This is particularly useful when there are many different files that need to be connected in multiple ways before analysis can happen. Using a SQL query, a DataFrame with only the wanted information can be found and then manipulated using pandas.

In [10]:
def create_sql_database(list_of_files, db_name):
    conn = sqlite3.connect(db_name)
    for file in list_of_files:
        df = pd.read_csv(file, low_memory=False)
        df.to_sql(name = file.replace('.csv',''), con = conn, if_exists='replace', index=False)
    conn.commit()
    conn.close()

In [11]:
nhl_data_files = ['game.csv','game_goals.csv', 'game_penalties.csv','game_plays_trimmed.csv','game_plays_players.csv', 'game_shifts.csv','game_skater_stats.csv','game_teams_stats.csv','player_info.csv','team_info.csv']

### Construct the initial SQL database for the project
---
With just one function below, a new NHL_data database is created to use for this project's analysis.

In [12]:
create_sql_database(nhl_data_files, 'NHL_data.db')

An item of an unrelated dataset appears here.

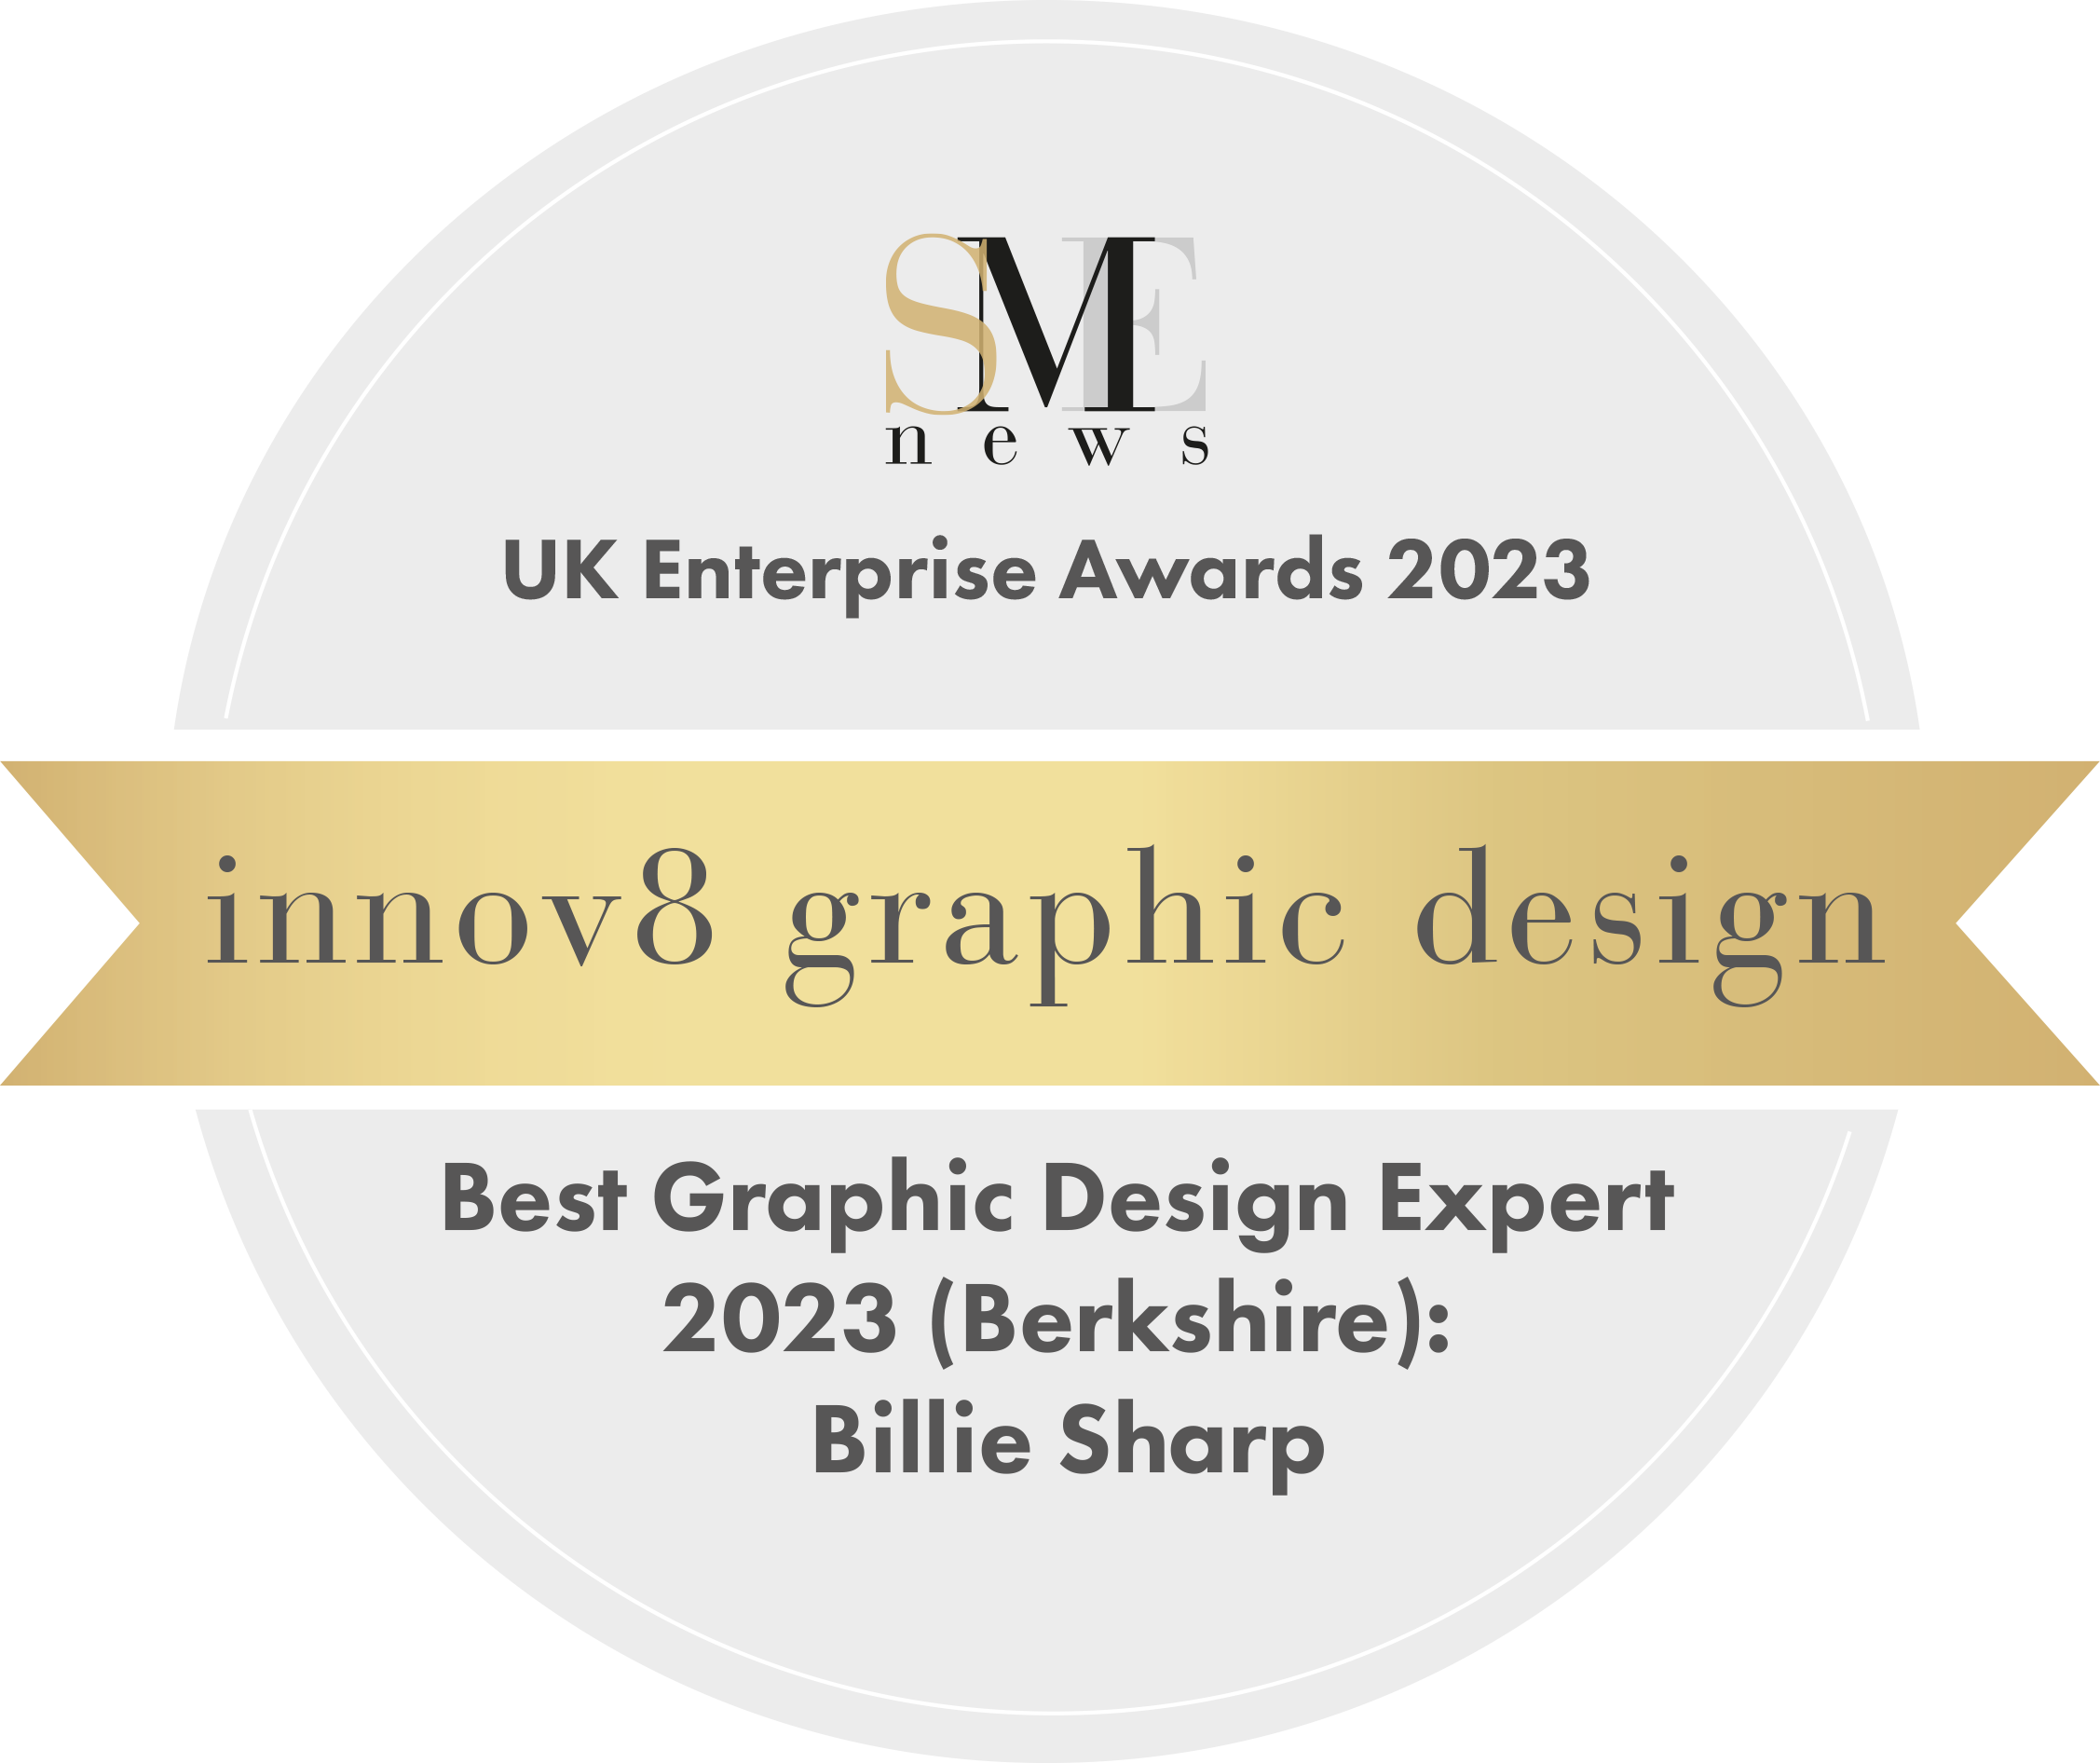 innov8 graphic design is the proud winner of the Best Graphic Design Expert 2023 with the UK Enterprise Awards

Verify that everything is successful by printing the table names below:

In [13]:
table_test_query = """
    SELECT name FROM sqlite_master 
    WHERE type='table';
    """
conn = sqlite3.connect('NHL_data.db')
cur = conn.cursor()
cur.execute(table_test_query)
print("List of tables\n")
# printing all tables list
print(cur.fetchall())

List of tables

[('game',), ('game_goals',), ('game_penalties',), ('game_plays_trimmed',), ('game_plays_players',), ('game_shifts',), ('game_skater_stats',), ('game_teams_stats',), ('player_info',), ('team_info',)]